Lot Numbers (last four characters): DK01, DK11, DK21, DK31, DK41, and DK51

Through extensive evaluation Winchester has determined the above lots of RANGER® Law Enforcement ammunition may contain incorrect propellant. Incorrect propellant in this ammunition may cause firearm damage, rendering the firearm inoperable, and subject the shooter or bystanders to a risk of serious personal injury when fired.

DO NOT USE WINCHESTER® RANGER® 223 REMINGTON 64 GRAIN POWER-POINT® AMMUNITION THAT HAS A LOT NUMBER ENDING IN DK01, DK11, DK21, DK31, DK41, DK51, DM70, DM80, DM90, DM01, DM11 or DM21. The ammunition Lot Number is ink stamped inside the right tuck flap of the 20-round carton, as indicated here:

To determine if your ammunition is subject to this notice, review the Lot Number. If the last four characters of the Lot Number are DK01, DK11, DK21, DK31, DK41, DK51, DM70, DM80, DM90, DM01, DM11 or DM21 immediately discontinue use and contact Winchester toll-free at 866-423-5224 to arrange for replacement ammunition and free UPS pick-up of the recalled ammunition.

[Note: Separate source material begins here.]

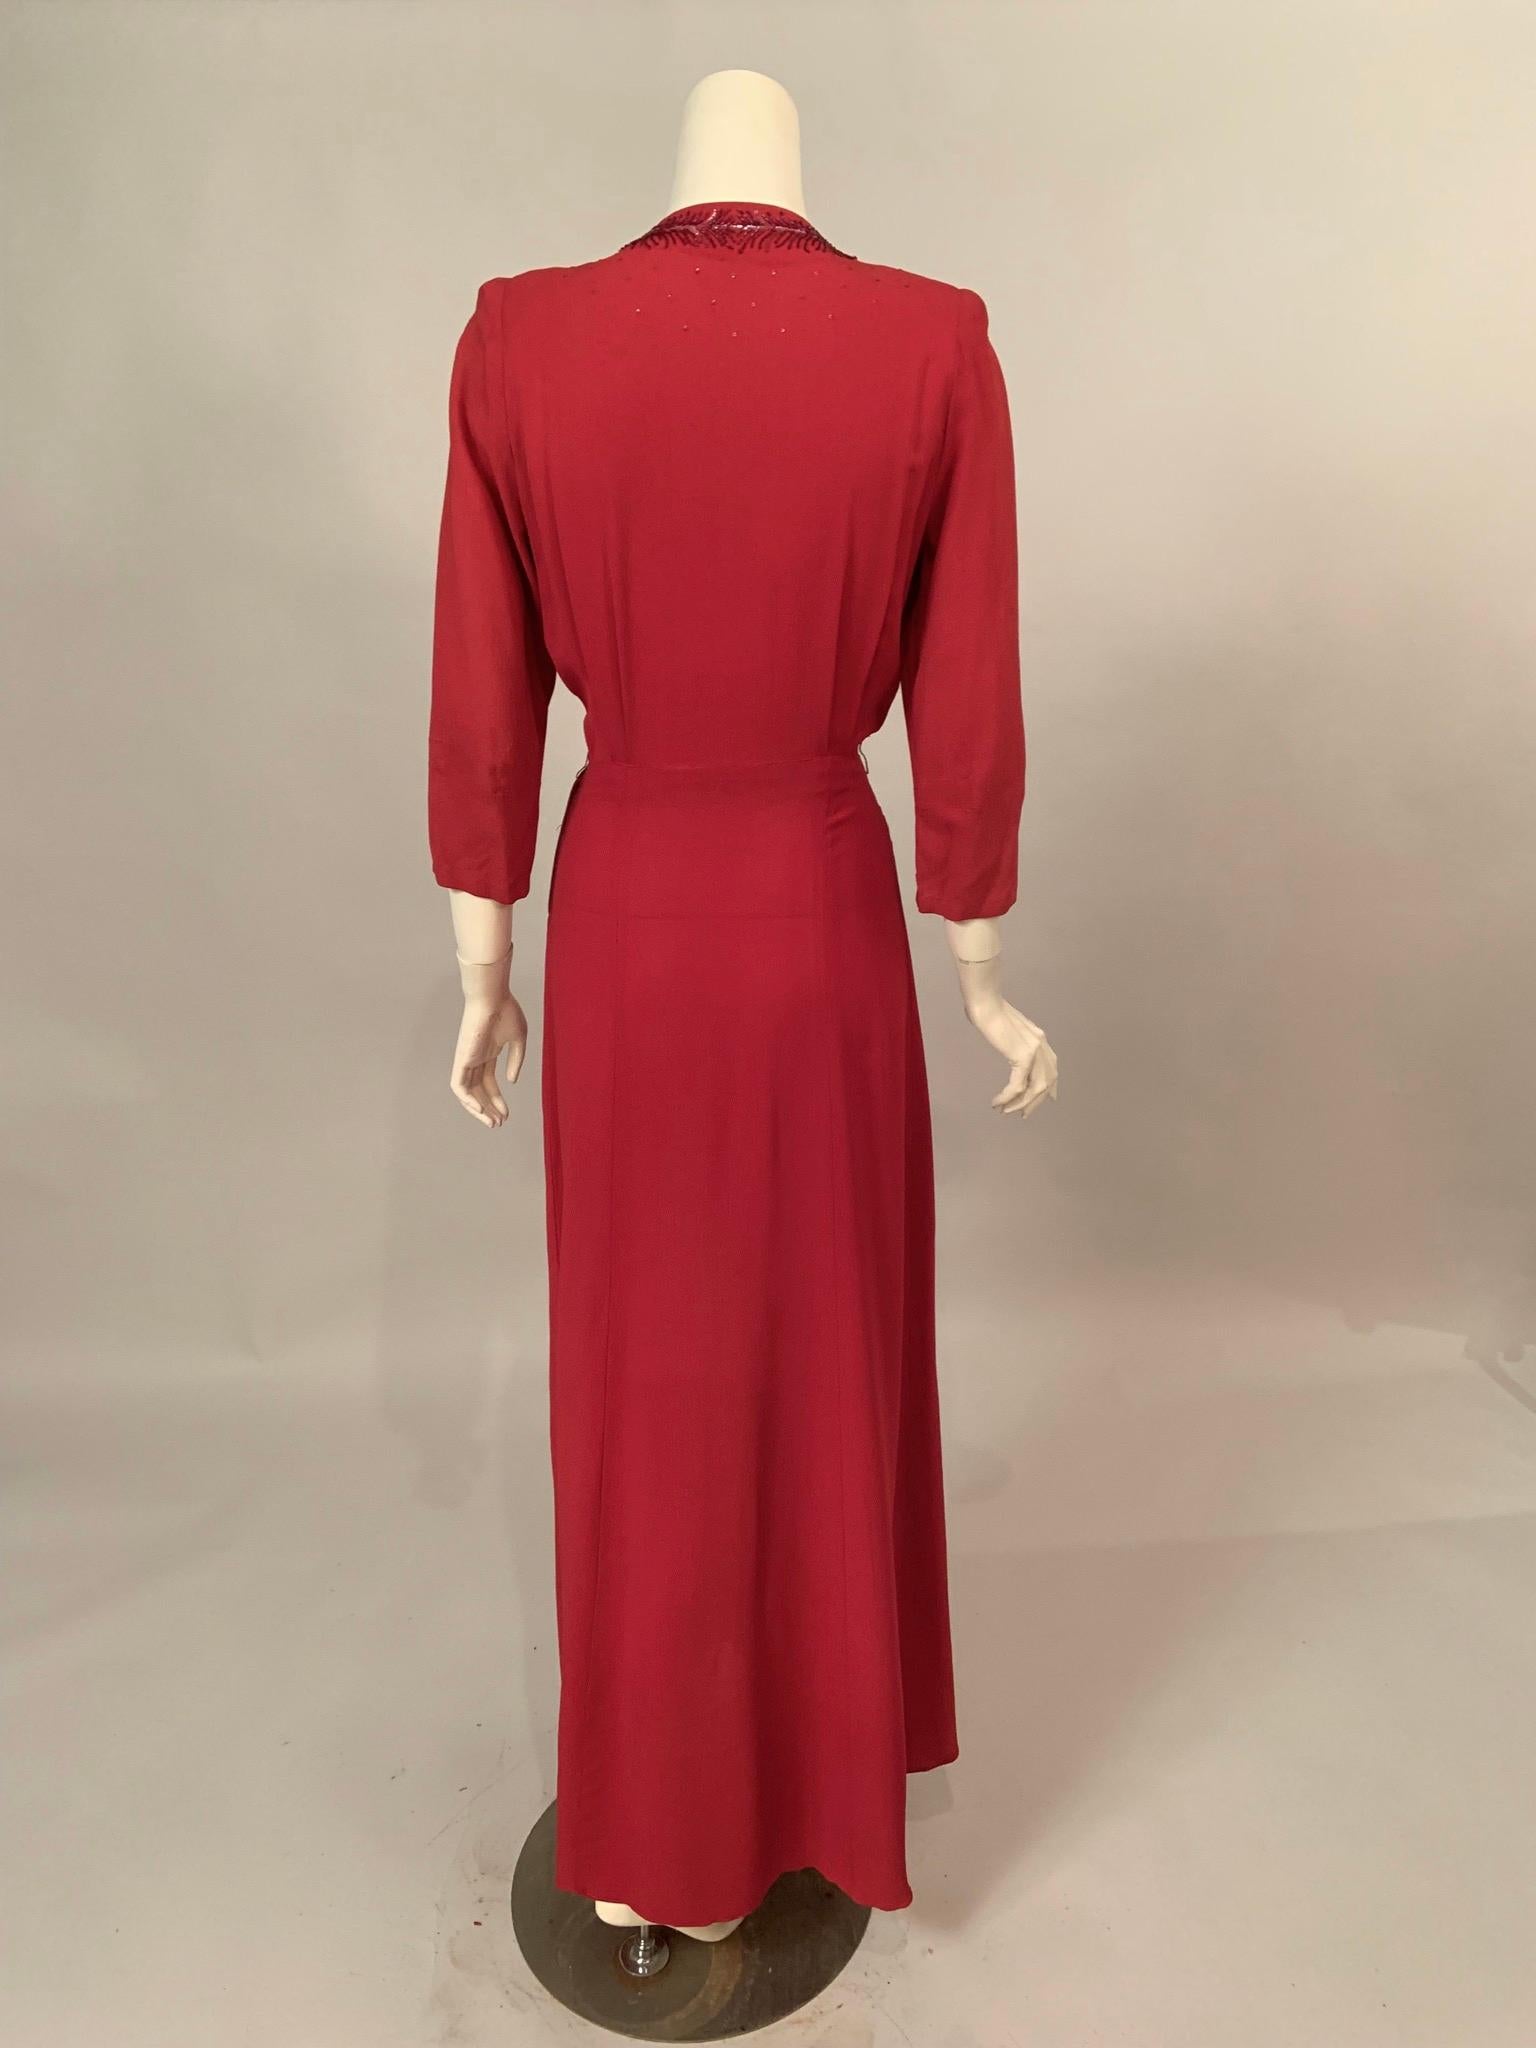 Women's 1940's Ruby Red Crepe Evening Gown with Burgundy Bugle Beaded Bodice

This notice applies only to RANGER® 223 Remington 64 Grain Power-Point® centerfire rifle ammunition with lot numbers ending in DK01, DK11, DK21, DK31, DK41, DK51, DM70, DM80, DM90, DM01, DM11 and DM21. Other Symbol Numbers or Lot Numbers are not subject to this recall.

If you have any questions concerning this RANGER® Law Enforcement ammunition recall please call toll-free 866-423-5224, write to Winchester (600 Powder Mill Road, East Alton, IL 62024 Attn: RA223R2 Recall), or visit our website at www.winchester.com.

We apologize for this inconvenience.

WINCHESTER


----------